* Problem statement: Would you return exactly the lines below from the line with "Radiant Pave Set Rubover Diamond Ring" through the line with "Katalog Terbaru Hrcn", both included, and nothing else, leaving out the pictures?

* Data:
-- Opening Marker --
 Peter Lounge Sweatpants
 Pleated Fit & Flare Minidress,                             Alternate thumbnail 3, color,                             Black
-- Closing Marker --
-- Opening Marker --
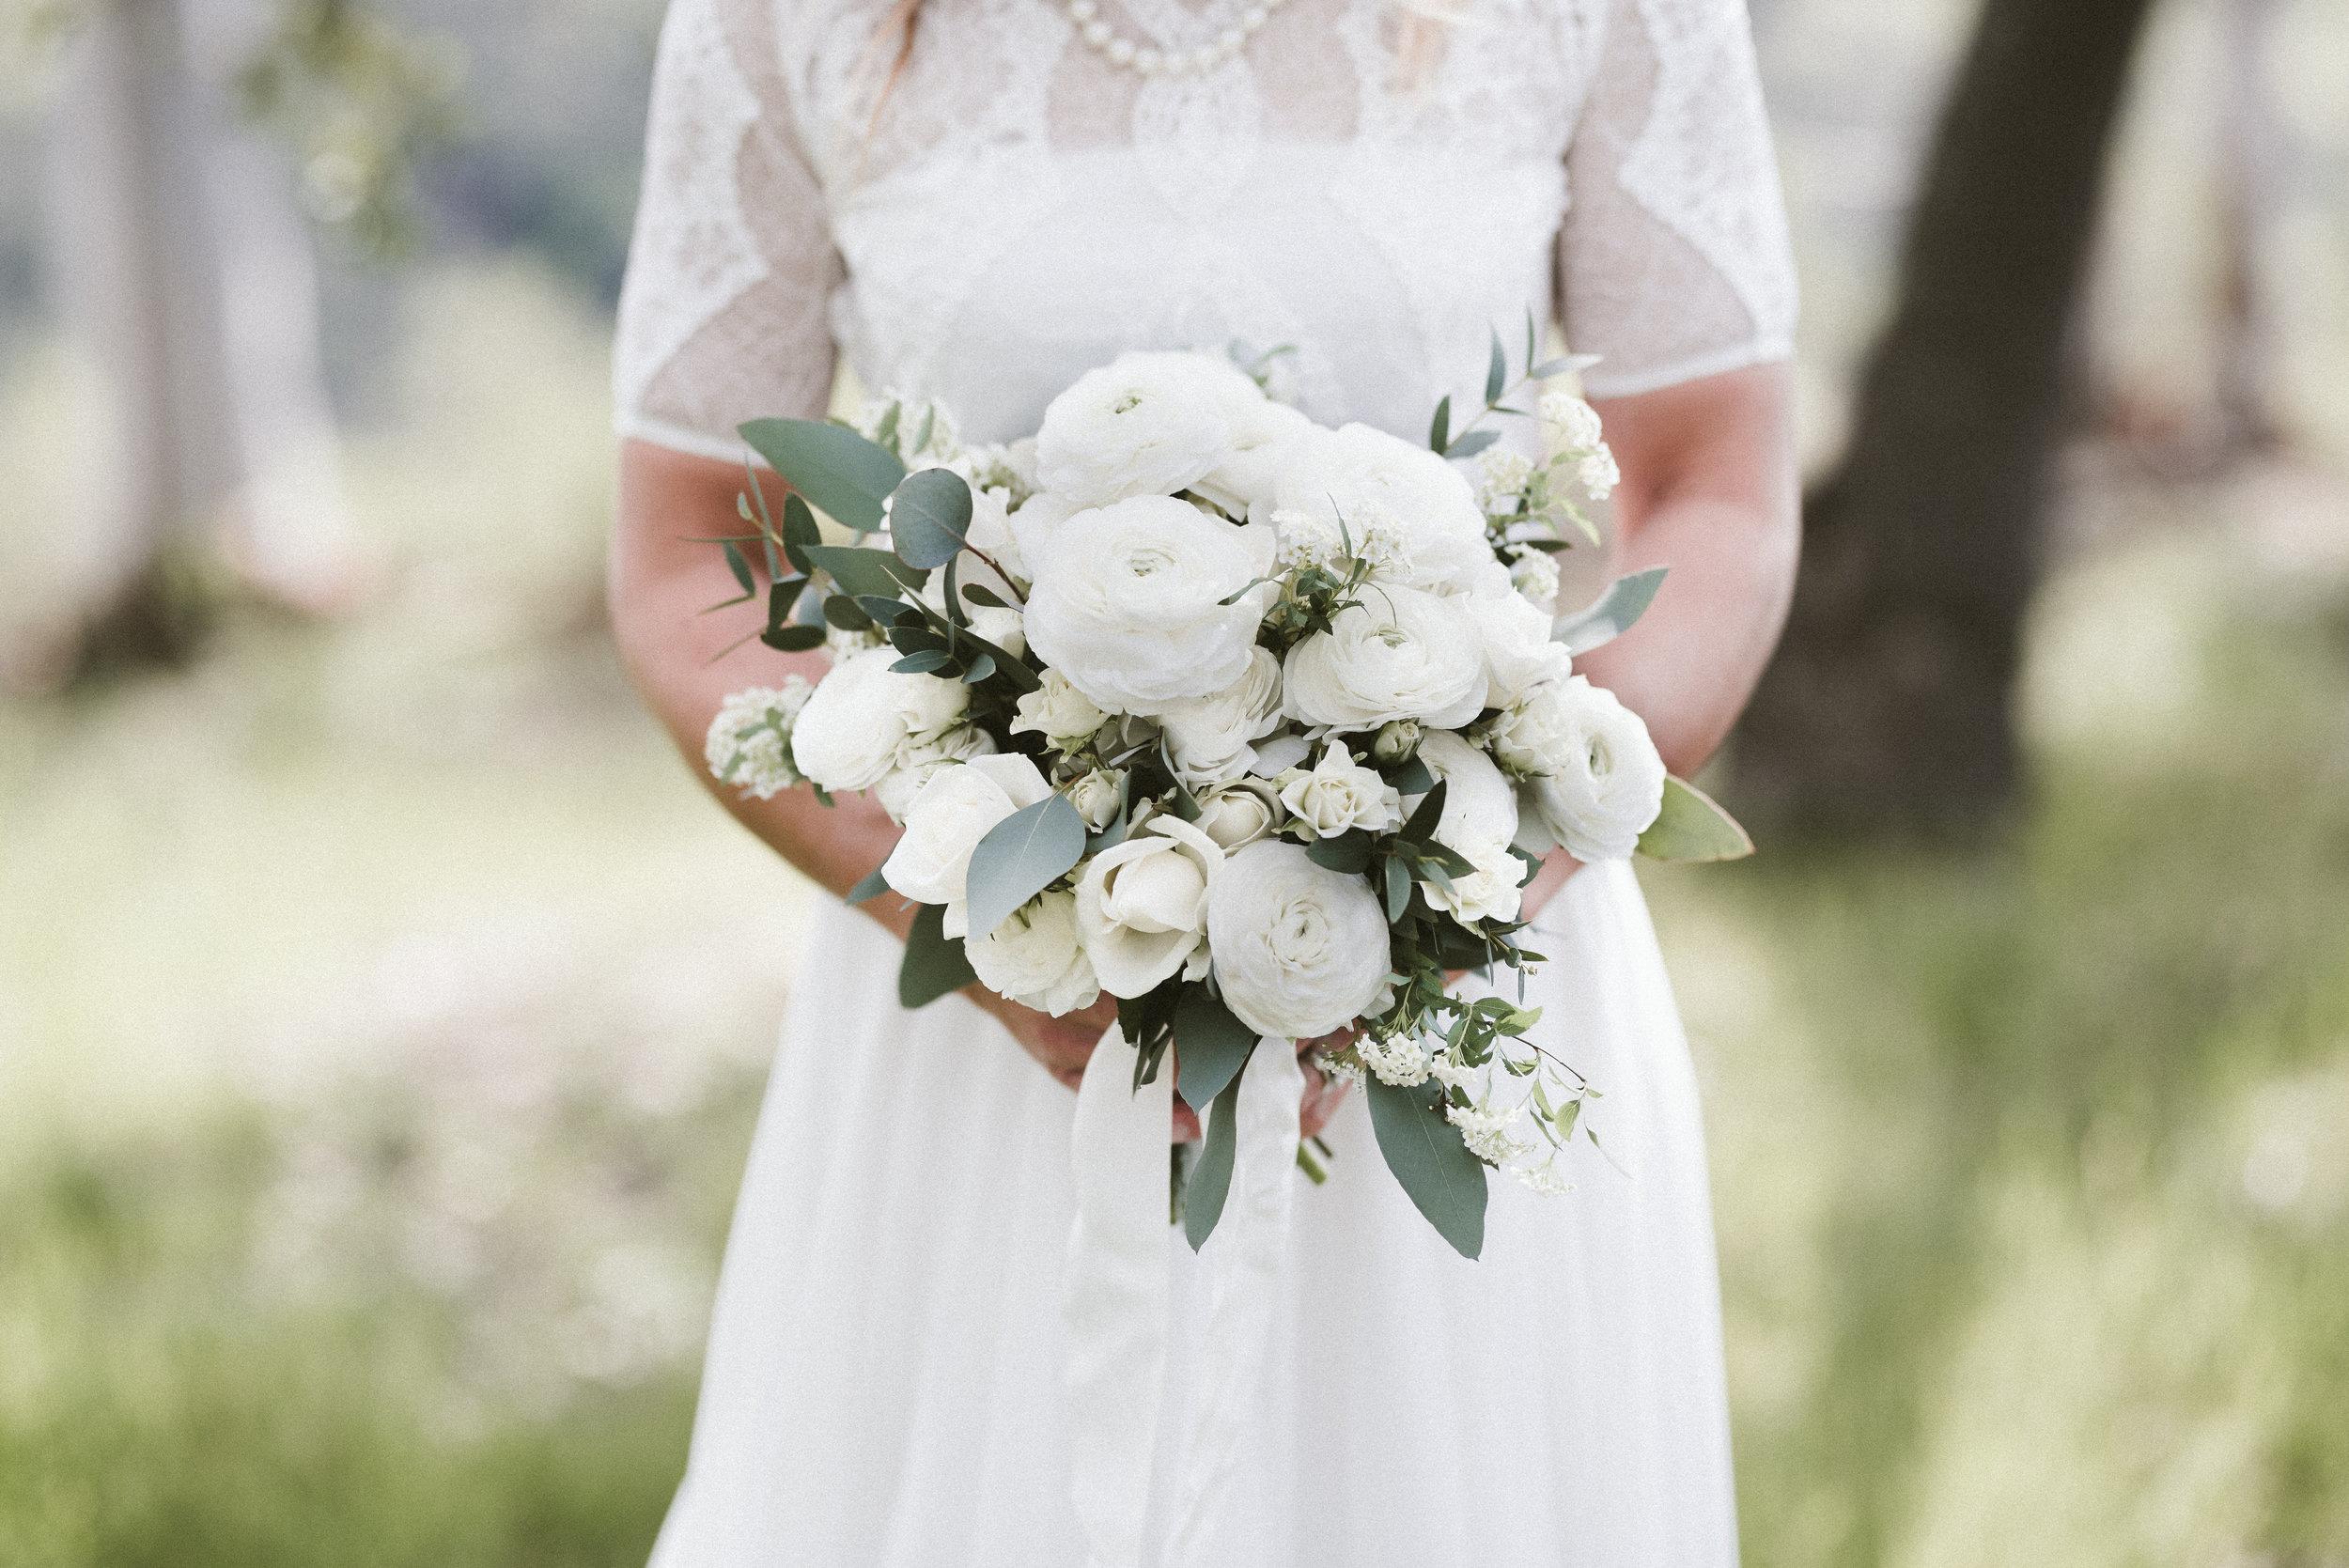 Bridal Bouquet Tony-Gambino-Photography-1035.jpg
-- Closing Marker --
-- Opening Marker --
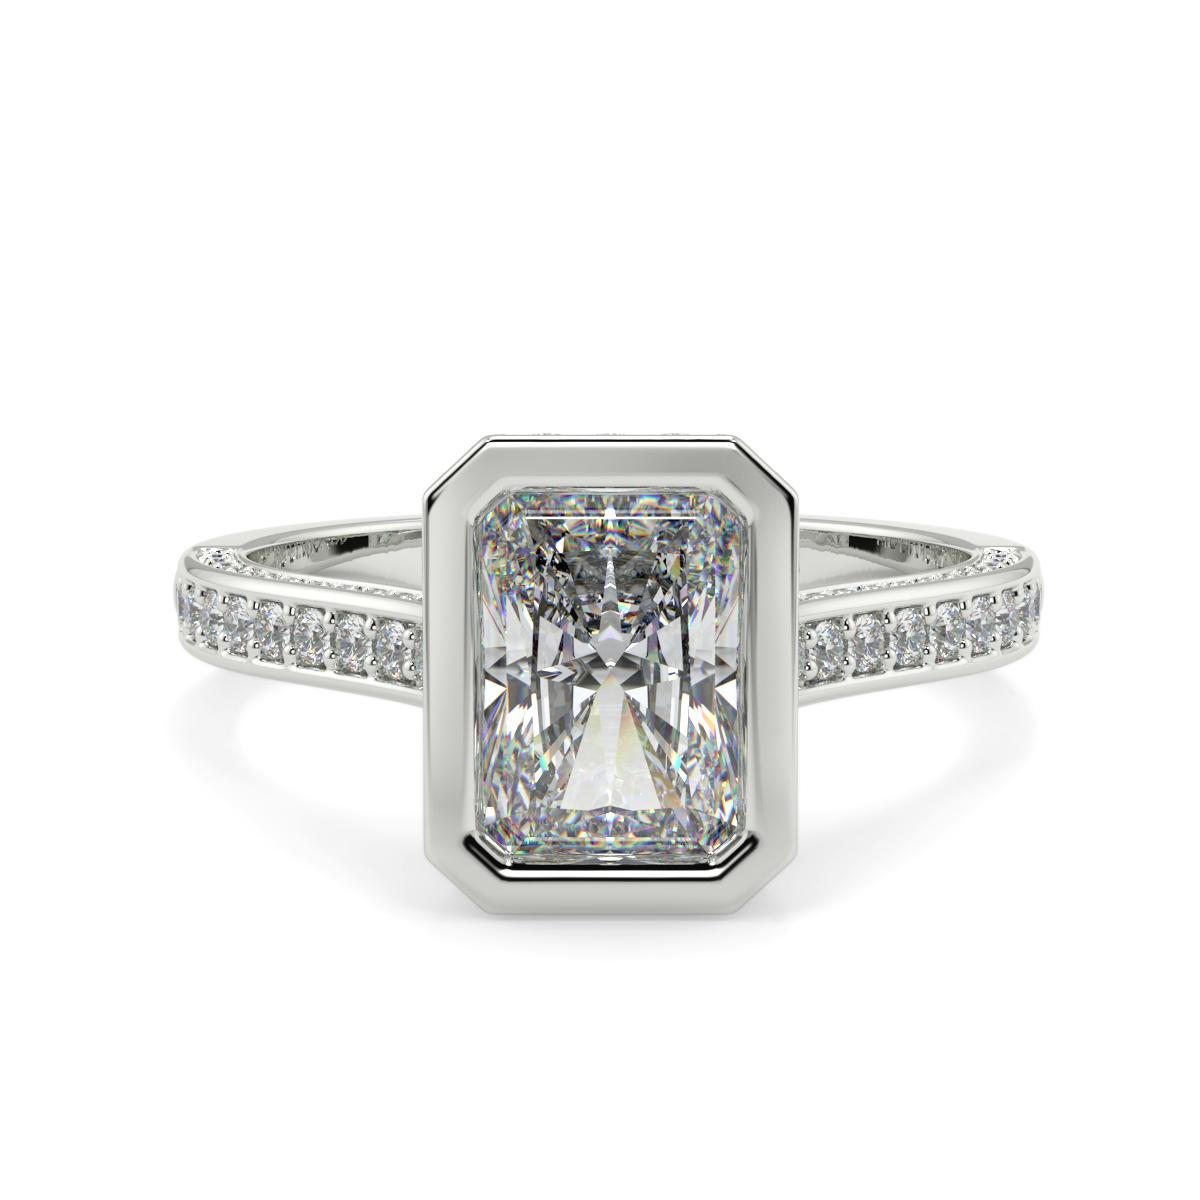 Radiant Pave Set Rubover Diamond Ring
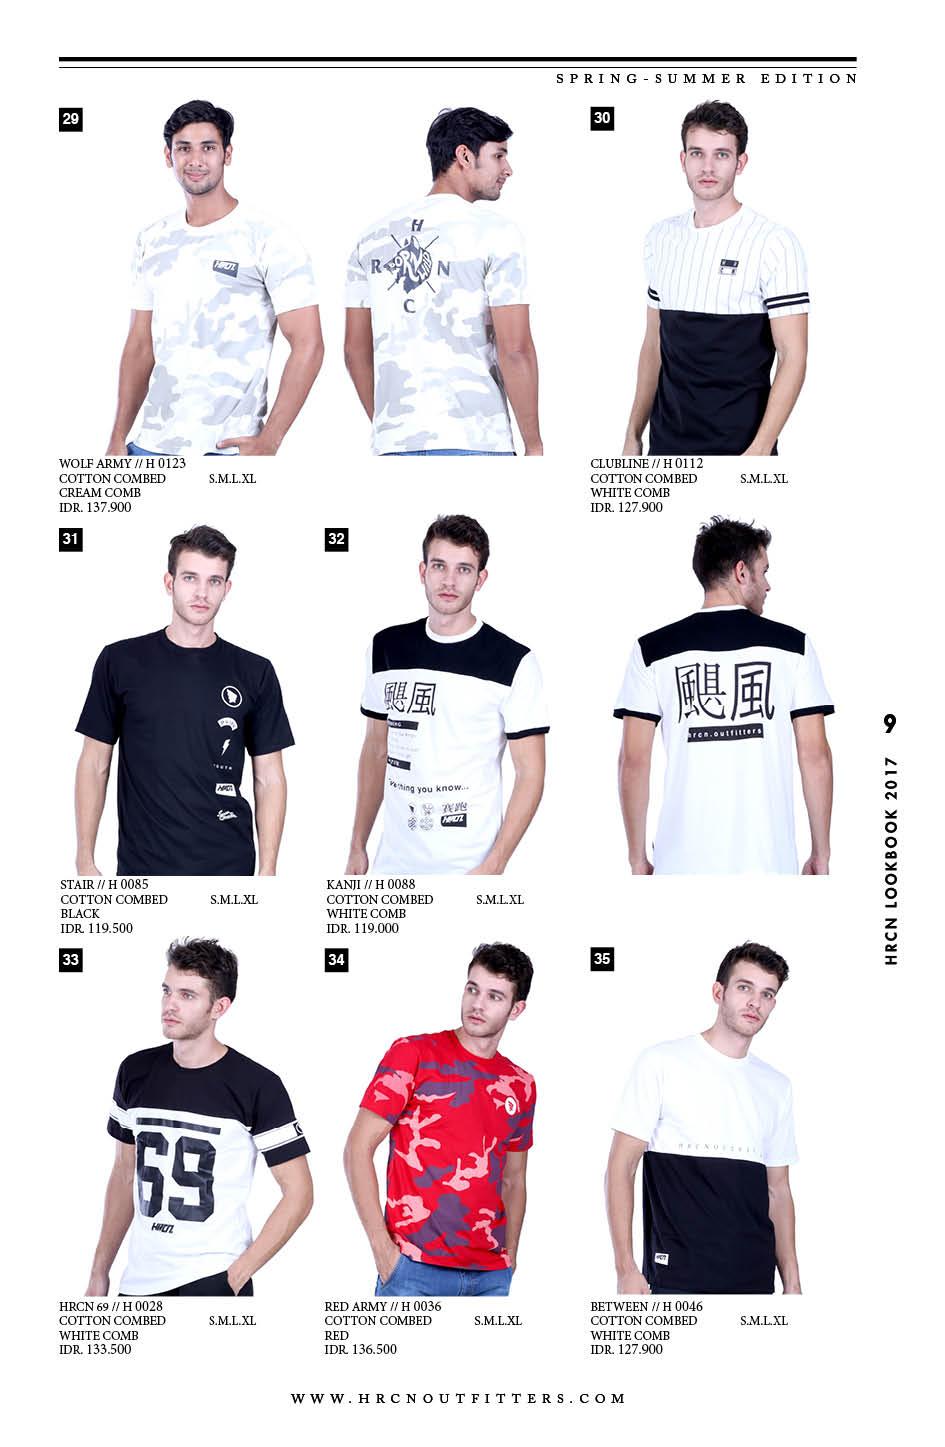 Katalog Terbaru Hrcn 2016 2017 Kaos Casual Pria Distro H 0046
-- Closing Marker --
* Response for this exercise:
 Radiant Pave Set Rubover Diamond Ring
 Katalog Terbaru Hrcn 2016 2017 Kaos Casual Pria Distro H 0046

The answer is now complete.